◆ **Task inputs**:

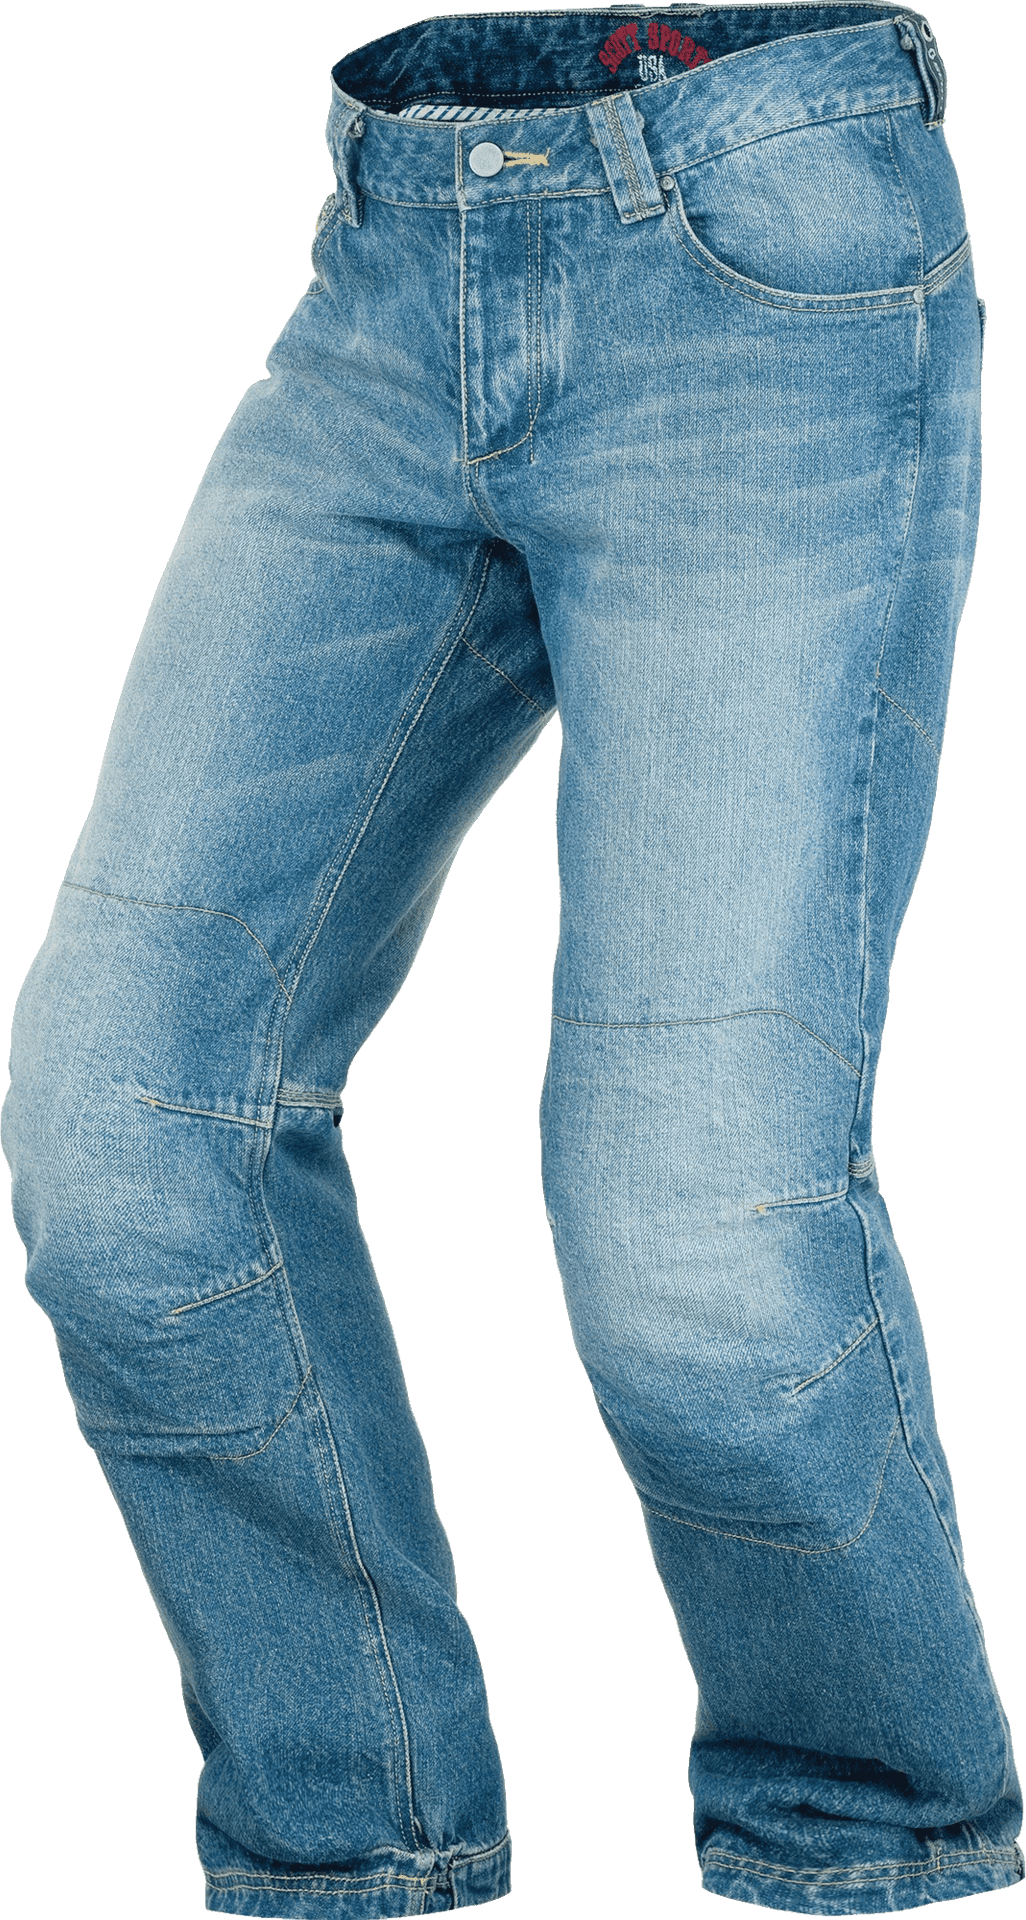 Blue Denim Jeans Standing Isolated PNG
--
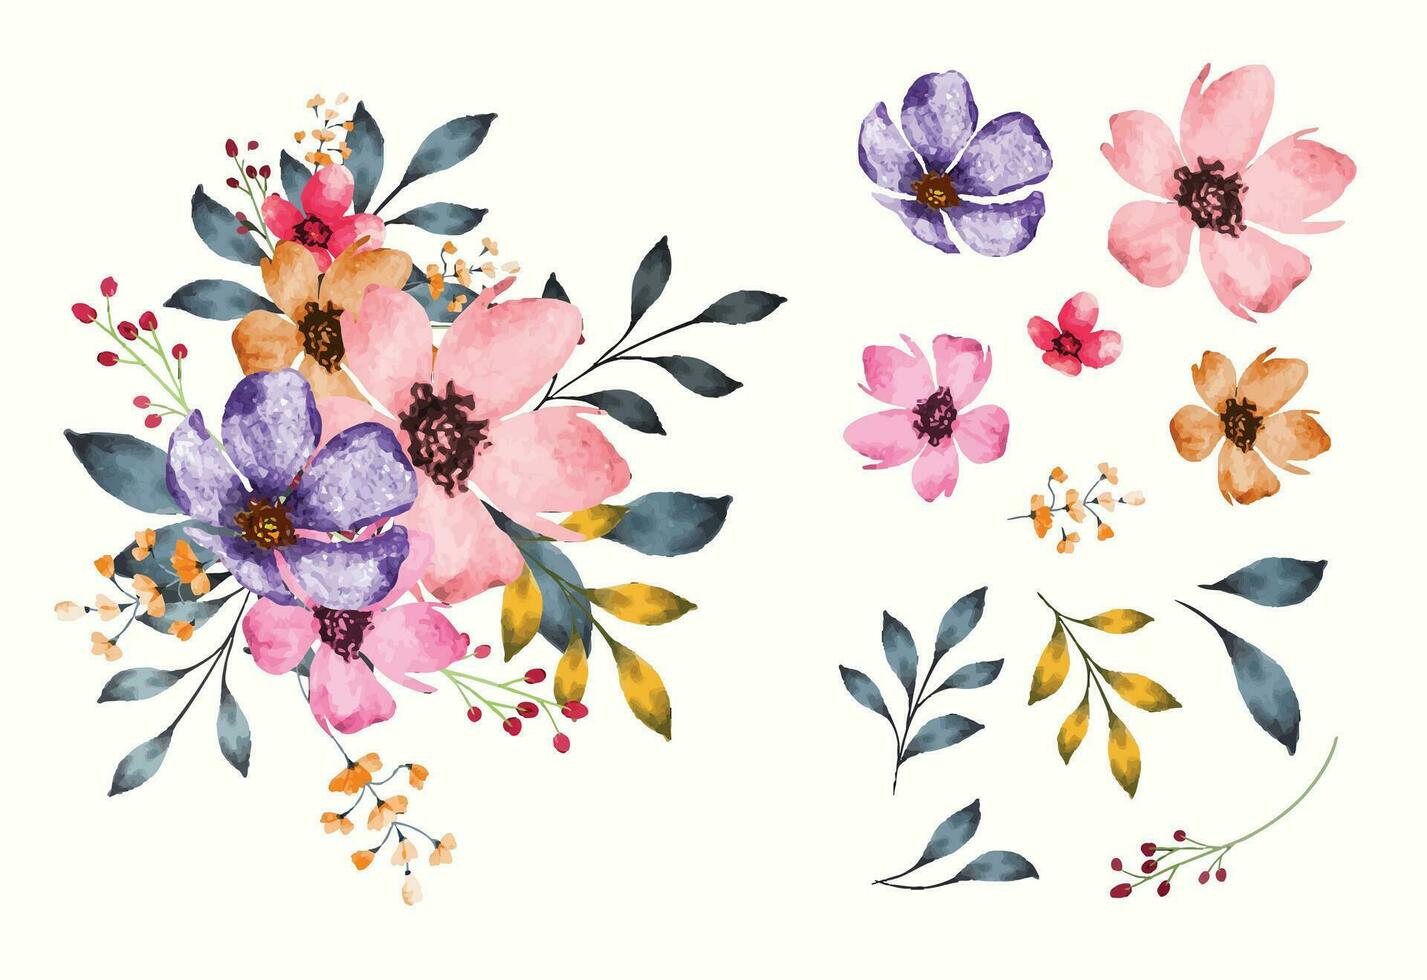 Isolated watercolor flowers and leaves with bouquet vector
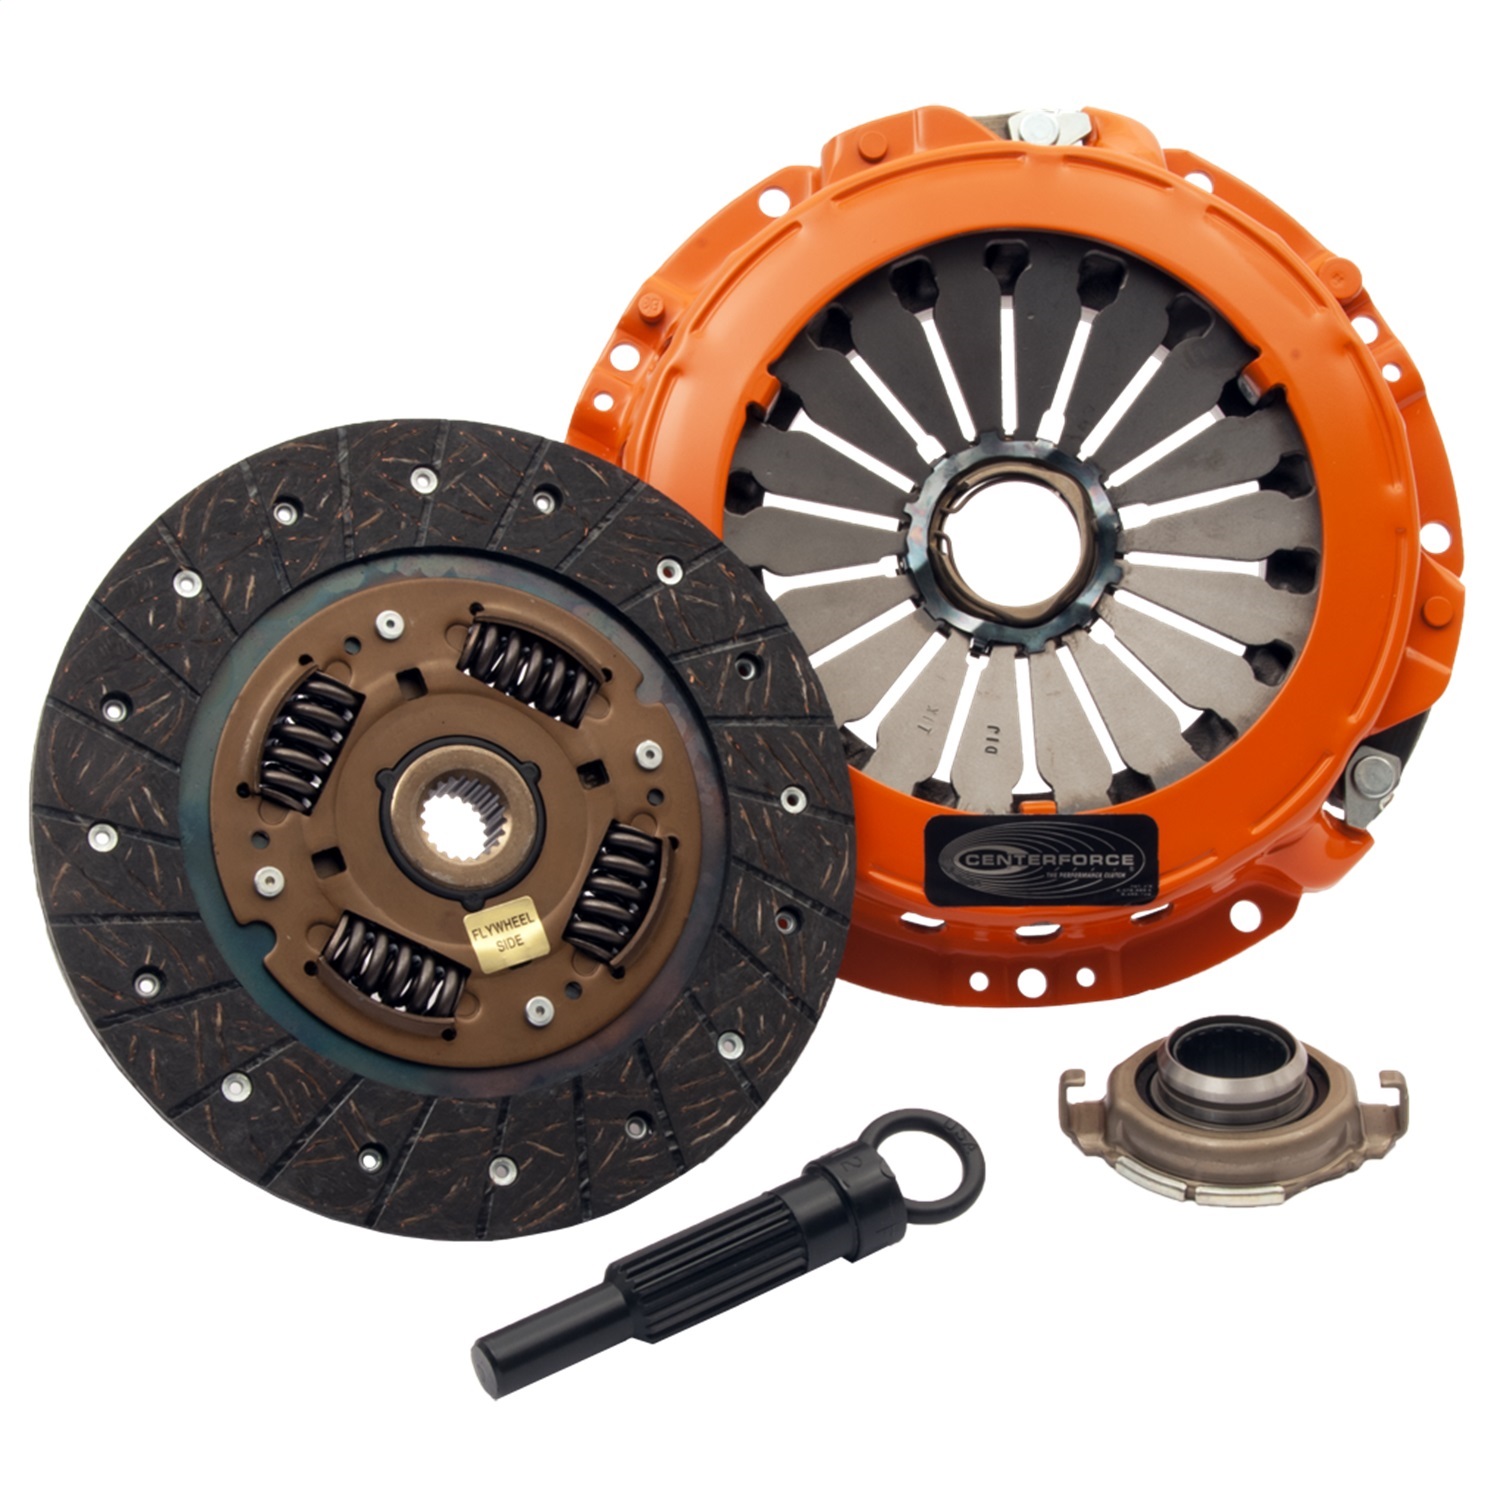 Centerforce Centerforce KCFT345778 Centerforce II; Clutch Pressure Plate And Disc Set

◆ **Activity**: Copy nothing but the lines above that run from the one with "Isolated watercolor flowers" to the one with "Centerforce Centerforce KCFT345778", ends included; pictures stay out.

◆ **Result for this task**:
 Isolated watercolor flowers and leaves with bouquet vector
 Centerforce Centerforce KCFT345778 Centerforce II; Clutch Pressure Plate And Disc Set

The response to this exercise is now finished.